Thirty-two

Father Thomas wandered the halls of the 7th Son complex with Hugh Sheridan. The old man led them up and down dangerously steep, dusty stairwells (apparently reserved only for emergencies), past a small gymnasium, countless doors and floors. The place seemed an exercise in excess; since the apparent heyday of the experiment, not much of the facility was used anymore.

"I knew you'd ask me that. I knew you'd ask me about Dania," Hugh Sheridan said as he stopped, and cupped his hand to light his third cigarette of the hour. He blew the smoke up at the hallway's ceiling. "I'll make you a deal. You tell me what you know about my ex-wife and her disappearance--the information you got from Kleinman. Then I'll tell you the truth."

Father Thomas slouched against a wall and rubbed his eyes. God, I'm tired.

"What we learned was told to us in Ops, after you were thrown out," Thomas said. "After you tried to warn us about Bregner."

"I remember that all too well," Hugh Sheridan said, blowing a ring of smoke.

"Kleinman and that up-and-comer intel guy . . . Durbin . . . explained how NEPTH-charge was accidentally created during the early stages of the memory-recording process. Told us all about it in that storage area, the Lock Box. They called it something like a bioelectric kickback. Michael said it was like a neutron bomb for the mind."

Sheridan nodded. "Accurate, if simplistic. Continue."

"They said Dania Sheridan was the first to identify the cause of the kickback. She also realized the NEPTH-charge effect could be duplicated and used again and again. She realized it could be used as a weapon. But Kleinman said the 7th Son team had no interest in pursuing that."

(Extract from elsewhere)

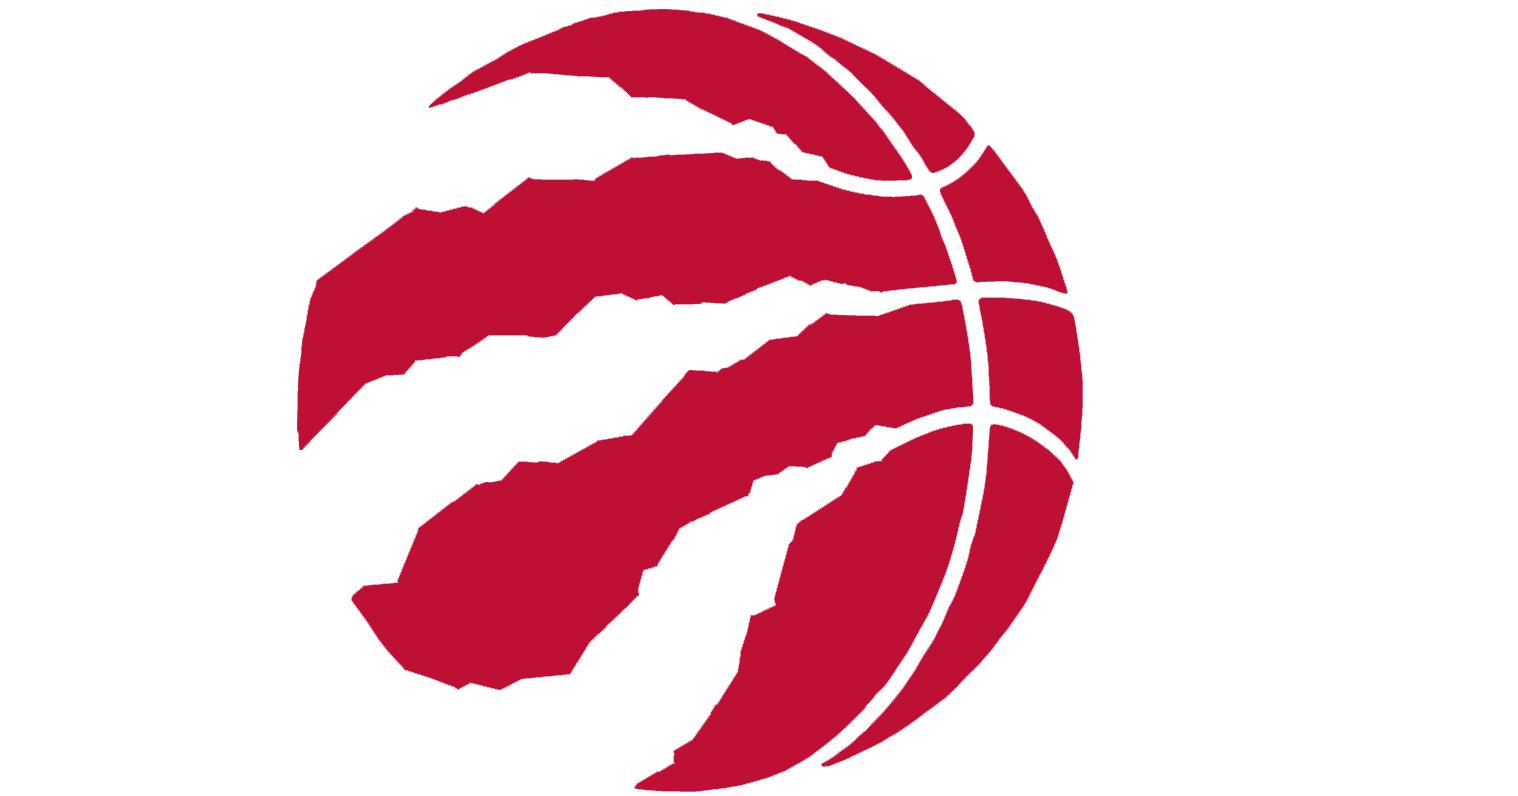 Toronto Raptors - Partial logo 1
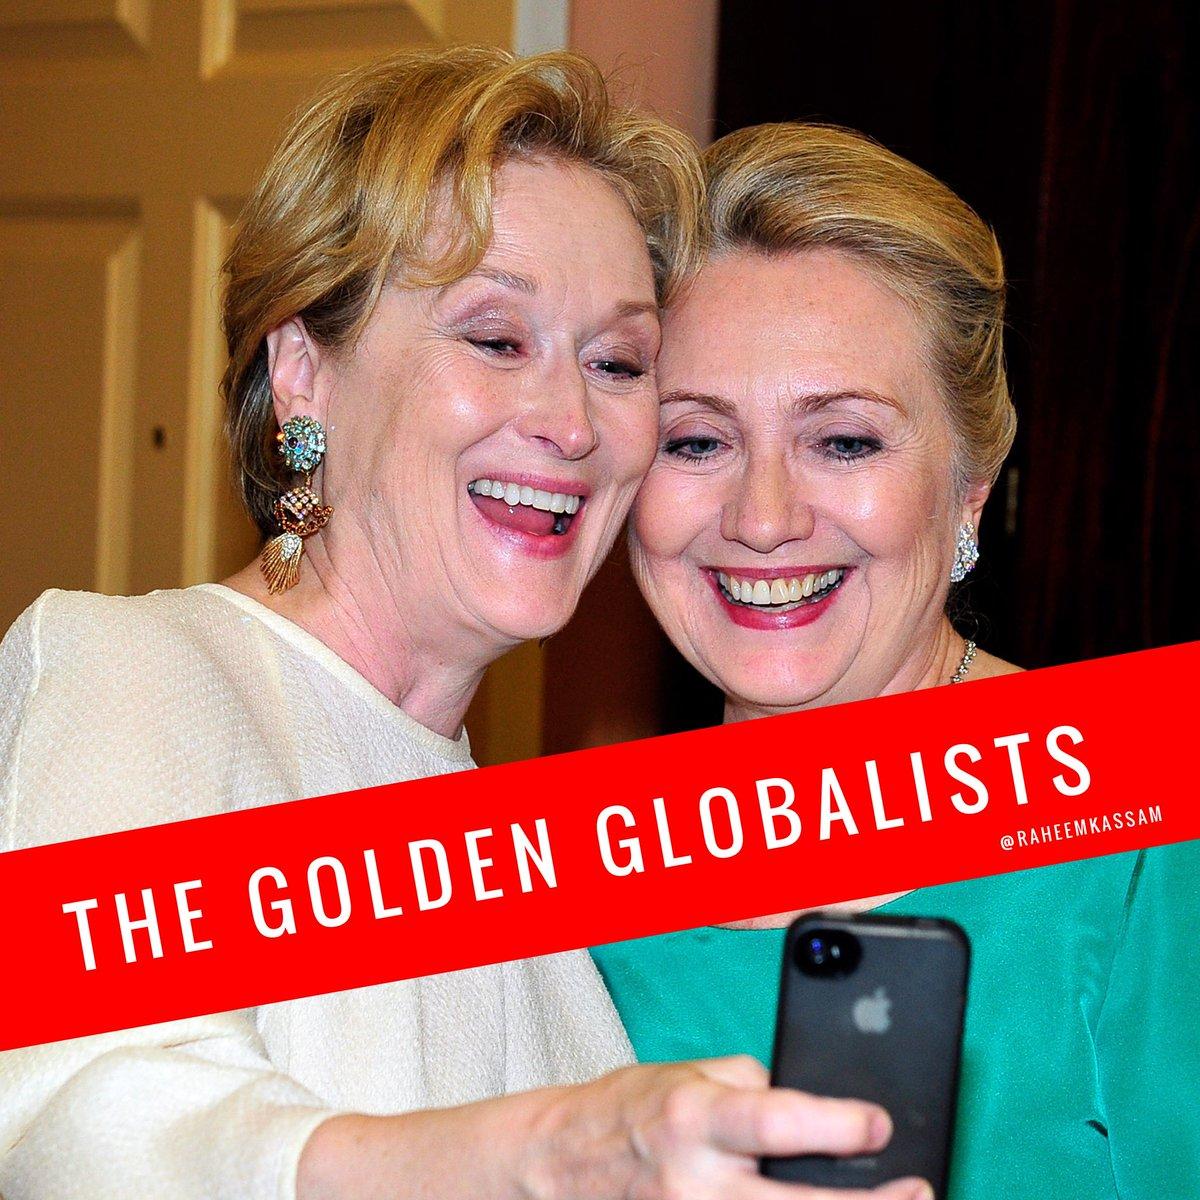 #TheGoldenGlobalists https://t.co/MeiF3nmeSw

"Also true." Sheridan motioned Thomas to move again, and they continued down the hall to a stairwell door. Sheridan opened it, and up they climbed, their footfalls ringing in the stairwell. "The secret of NEPTH-charge was placed in our archives, presumably to be forgotten." Sheridan gave a cynical smile. "We were shooting for loftier goals in the annals of amorality."

"You sound sick about the whole thing."

The old man nodded, sucked down another lungful of smoke, kept climbing. "When Dania and I came here in '73, we were told the stakes, took our vow of secrecy. I was your age when Dr. Kleinman recruited me. He promised me the things young people want to hear: unlimited resources, an obscene salary, research in a cutting-edge field of study. How could I say no?"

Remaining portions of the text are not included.